At first only the stairs fell. Then, brick by brick the building crumbled to the ground. I watched it all happen. Slowly, as if the building was carefully laying itself to rest.

Now I am on the roof. I make poems out of skyscrapers, while they come tumbling down.

There were people inside.

I went off in search of my lamp. The one with the red rose on its base. The one from my grandmother. I found it at his house. Only one of the gold petals was missing. This upset me, but I was also happy to have retrieved my light fixture.


My parent’s friends arrived in couples. Each one was pregnant. Ashamed, I wrote on the blackboard:

Don’t travel so much. Make Rituals.

I was warning the pregnant women how to raise their babies right. With my own child, I was hiding from someone in particular. When they passed by, I held up a newspaper so they could not see us behind the pages.
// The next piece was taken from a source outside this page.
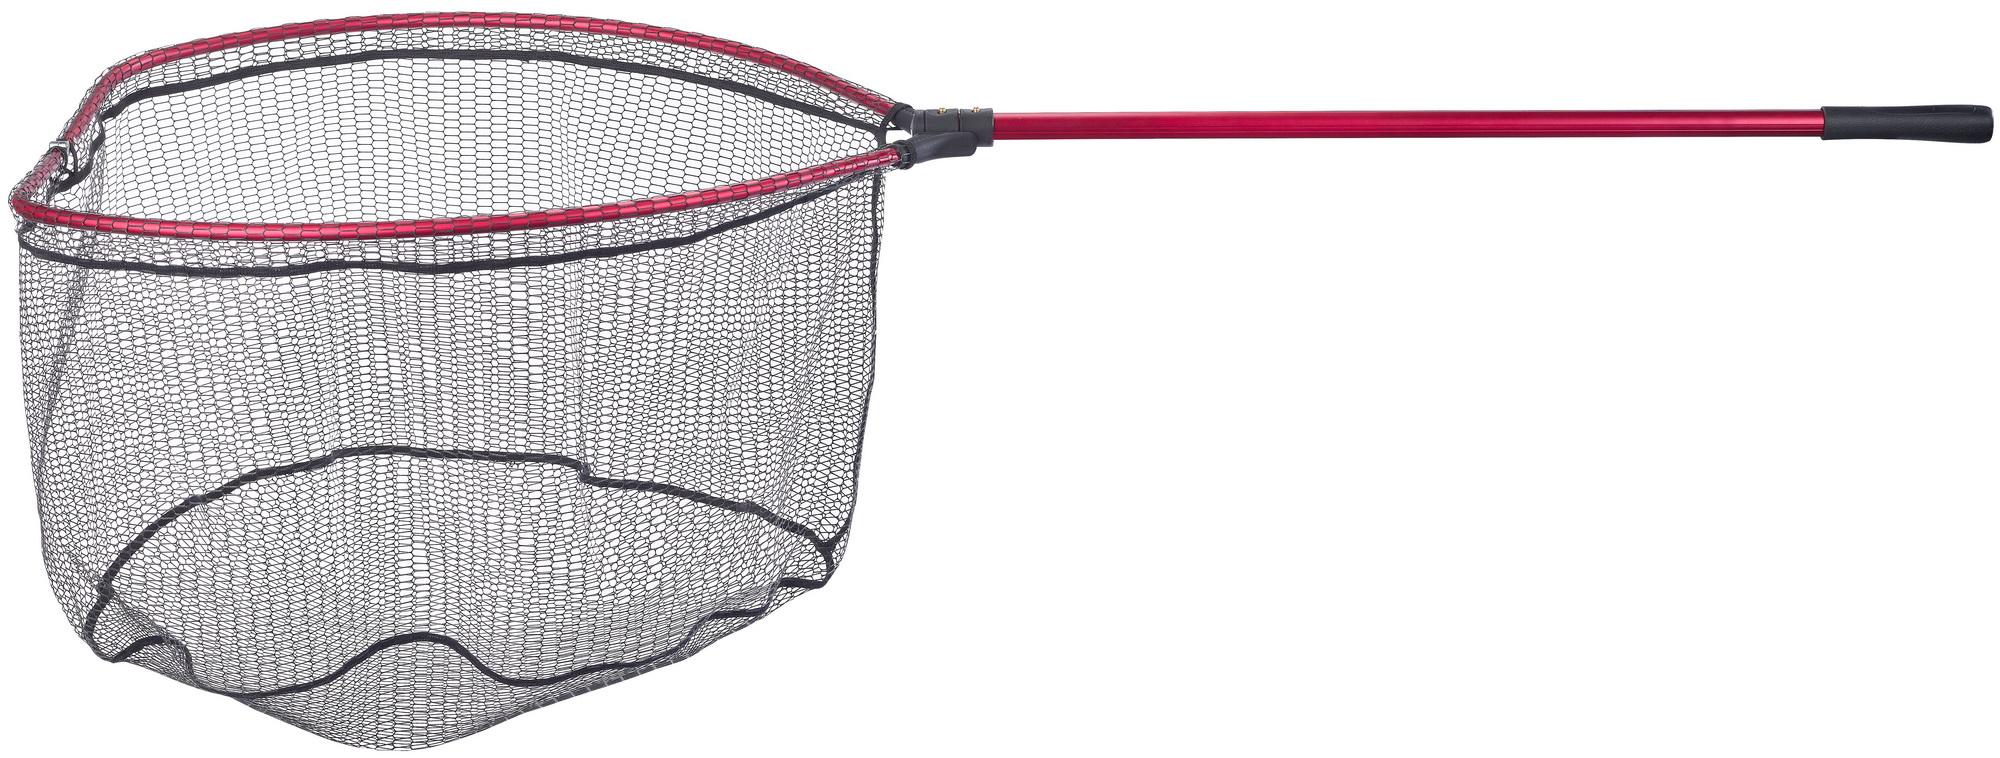 Подсака Balzer Shirasu длина 1.85м  голова 0.83м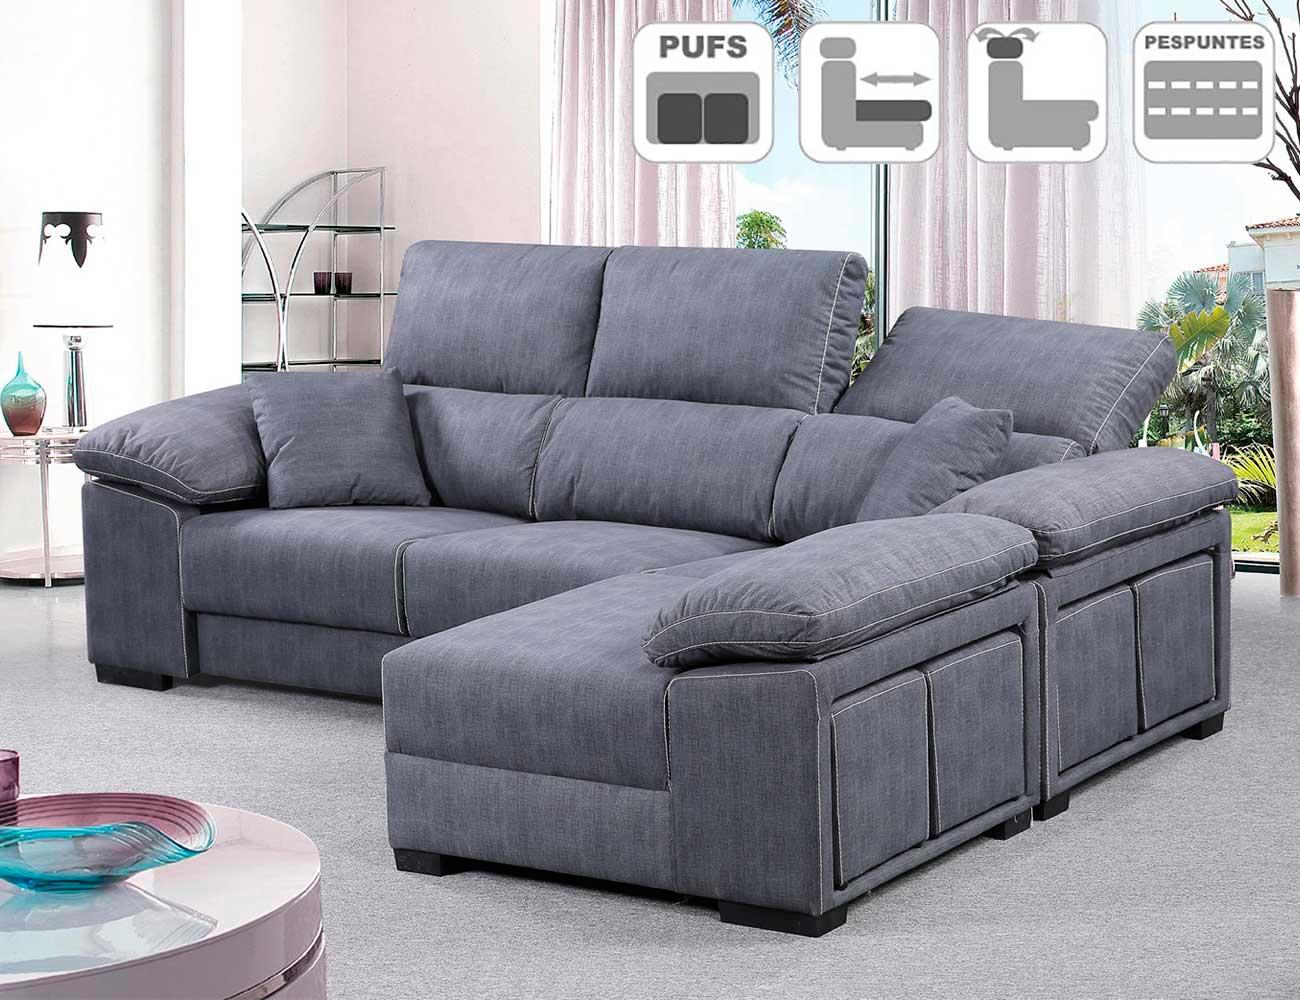 Sofa chaiselongue reversible 4 taburetes asientos extraible gris ceniza detalle

I am not sure why we were hiding and nothing happened.

The older gentleman had a fondness for my sister and I. When he let us drive away in his car I knew it was because one day his kids would be old, just like us. Because, in us, he saw his own children.


He spent days working on his house. I didn’t know what he was doing until I found him one day, hammering solar panels onto his roof. His entire roof was covered in solar panels. He was focused and full of pride, so I didn’t bother the progress being made. Instead, I invited the girls in. They came bolting through my house, dashing down the halls. Wild, like children. When they noticed my cat, they asked me her name. I couldn’t remember until I was reminded it changes depending on who’s in the room.


We were stuck in an elevator. It was someone’s fault. No one came to get us out. In the car I have an over-sized map. We are discussing the route. The fastest way to get from point A to point B. We are not lost, but we do not know the way, either.


I asked the waiter what was better, Swordfish or the steak? I settled on the Sunfish. While waiting for the food, the cook called me on his cell phone. I’m not sure what he wanted to ask me, but the waiter was furious that he made that call. When the food came, a ruffled fish, eyeballs and all, was placed on a large platter before me. My mother had the same dish.

And, then, the parade started. Or, the practice for the parade, rather. I stood on the sidewalk and watched the band members twist and lift their knees in preparation for their march.